One of the biggest news stories of 2020 thus far has been the worldwide outbreak of the novel coronavirus (COVID-19) epidemic . It seems that everywhere we look, the proliferation of this disease has caused more and more disruption in our everyday lives—from hundreds of cruise ship crewmembers and passengers becoming captive victims of the sickness, to the cancellation of major events such as South by Southwest, to record-setting stock market losses, the virus is having an outsize impact across the globe. For me, and probably for many other lawyers, the first time this crisis really hit home was when the initial case of community spread in New York turned out to be a midtown Manhattan attorney.
You may be asking yourself why I’m talking about a health care calamity in my real estate blog. To be honest, given the massive impact that COVID-19 appears to be having on everything else, it made me wonder about this question: What effect will this illness have on our California commercial property investments? As it turns out, coronavirus could have a potentially significant impact on the real estate industry in California, and in ways that you might not have thought about. This week’s article reviews how the fallout from this upheaval might bear upon property matters in the Golden State.
As noted above, equities have been on a wild ride this year, with extreme volatility and major losses taking place over the last several weeks. With shareholders fleeing the stock market, their portfolios are burgeoning with cash. Since these funds can’t just lie around and do nothing, they need someplace to go. Because commercial real estate in California is so valuable, it is a ripe target for those exiting the stock market to position their money.

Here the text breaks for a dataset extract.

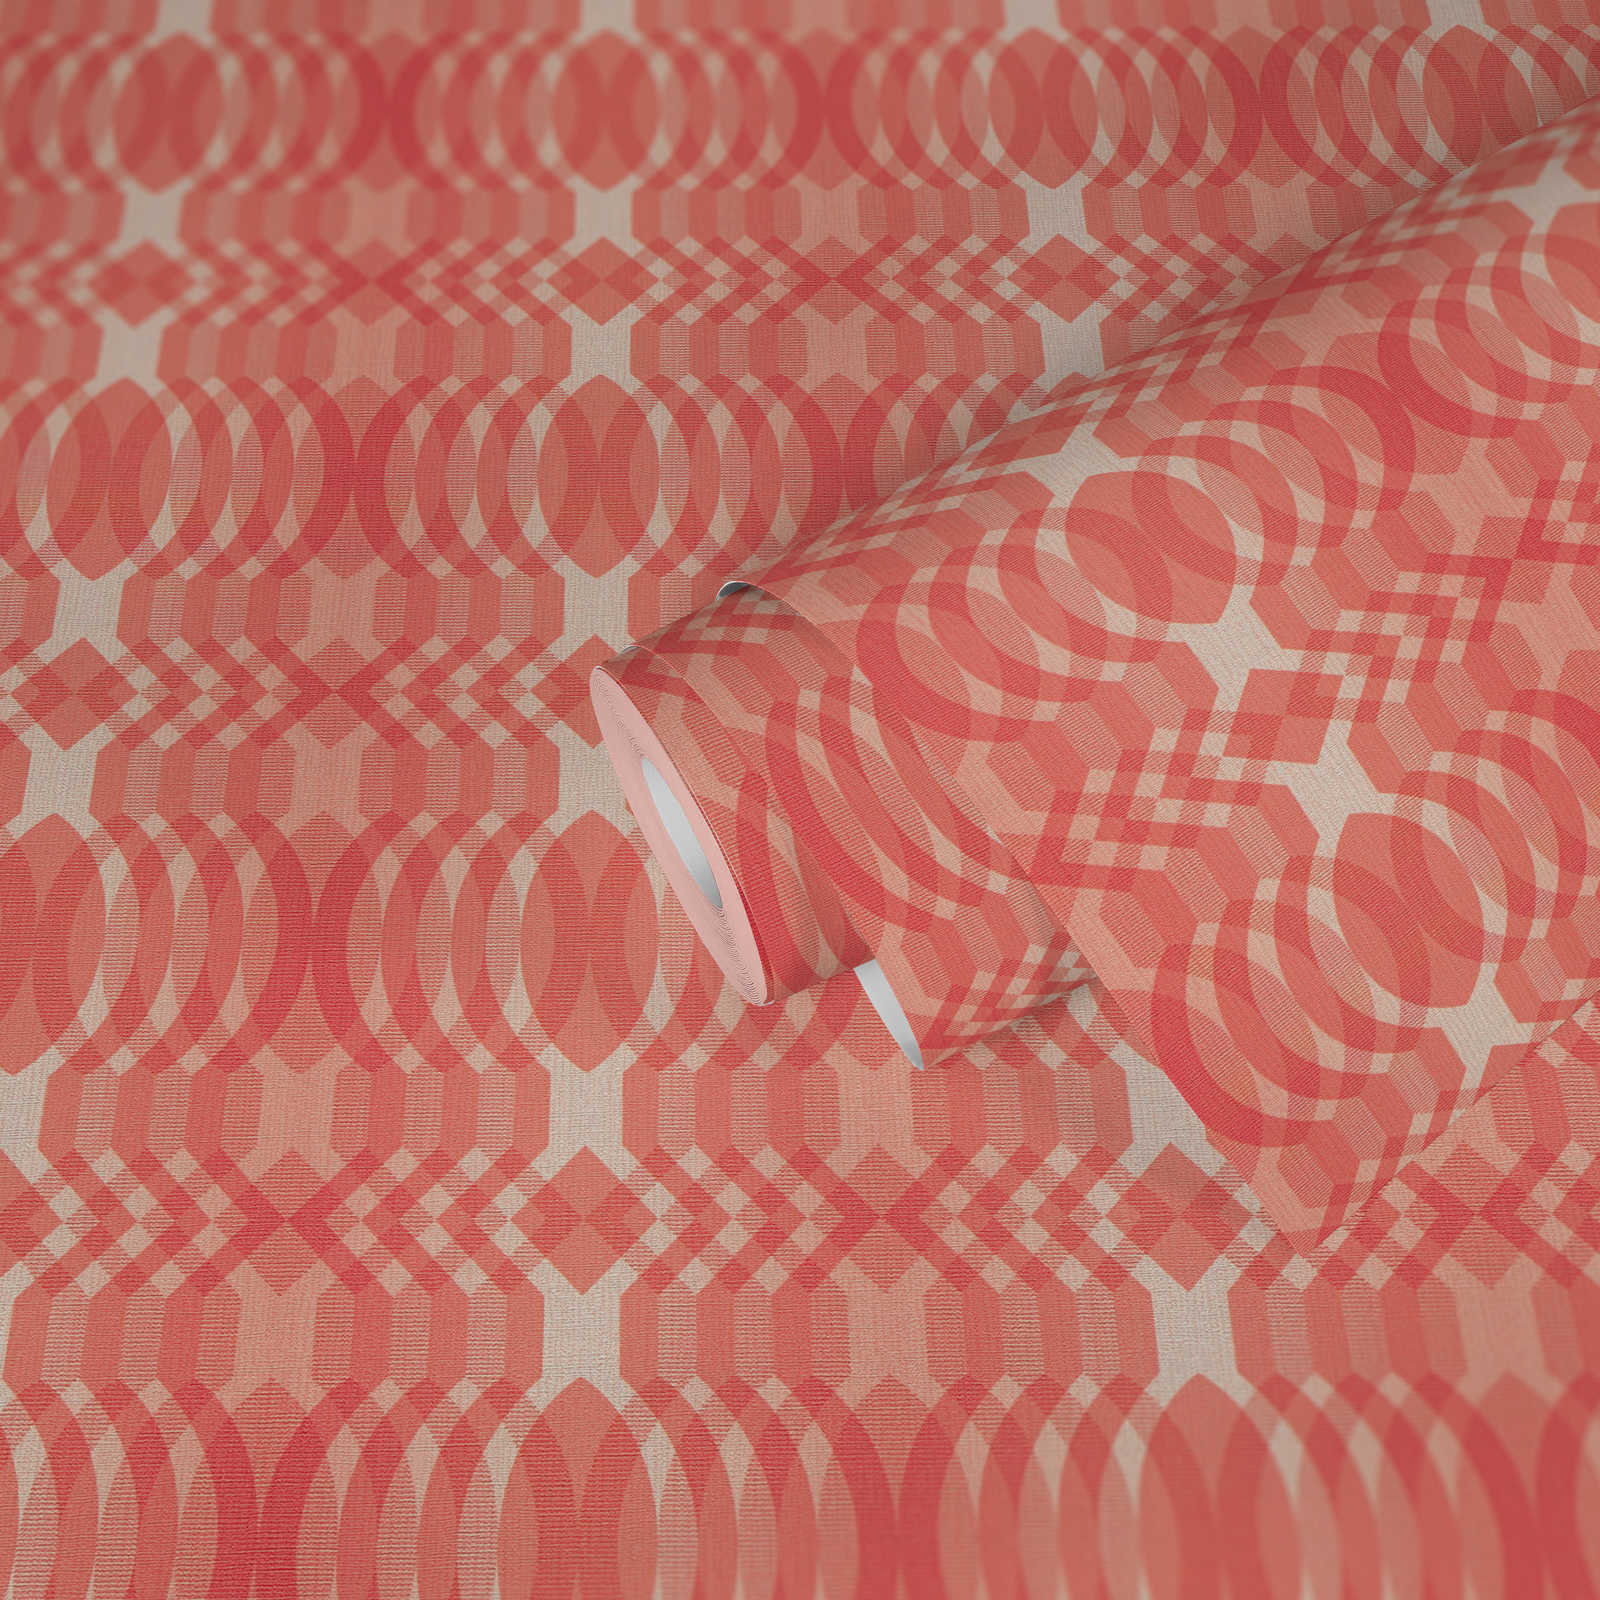             Motifs géométriques sur papier peint intissé de style rétro - rouge, crème, blanc

In the wake of massive stock selloffs, we have also seen central banks lower their interest rates as a means of mitigating volatility in those markets. Along with the flood of cash being produced by these selloffs due to stock market volatility, these lowered interest rates will sooner or later also work their way into property capital funding sources. When this happens, we can also expect to see demand for investment property increase.
We are already starting to see these financial impacts assert themselves. For example, many foreign investors are putting their money into single family residential real estate in the United States, as a safe haven from the coronavirus relative to other markets. Another manifestation of the impact of coronavirus on the real estate industry is increased refinancing demand based on falling interest rates. In the face of this demand, lenders are both (1) scrambling to focus their resources to meet this demand by additional hiring and staff reallocation and (2) delaying the refinancing process to hold on to those existing higher loan interest rates as long as possible.
In addition to these more abstract financial impacts, there are the quotidian consequences of our concerns about the spread of this infection that are also making themselves felt. As face-to-face business encounters appear to be riskier, the appetite for remote transactions seems to be increasing. In conjunction with the impact of blockchain technology on real estate investing that I wrote about in my last article, we are also seeing an increase in the availability and employment of online investment in real estate, as these technologies become more functional and popular among investors.
Finally, for existing owners of commercial real estate (particularly office space, but other types of property where large numbers of people gather as well), best practices for the management and operation of these properties must be carefully reviewed and implemented. Not a day goes by without hearing about the adoption and execution of new health protocols by businesses and institutions both large and small. These measures not only mitigate the risk of infection, they also help reduce the likelihood of being held liable for someone contracting coronavirus as a result of unsafe building procedures.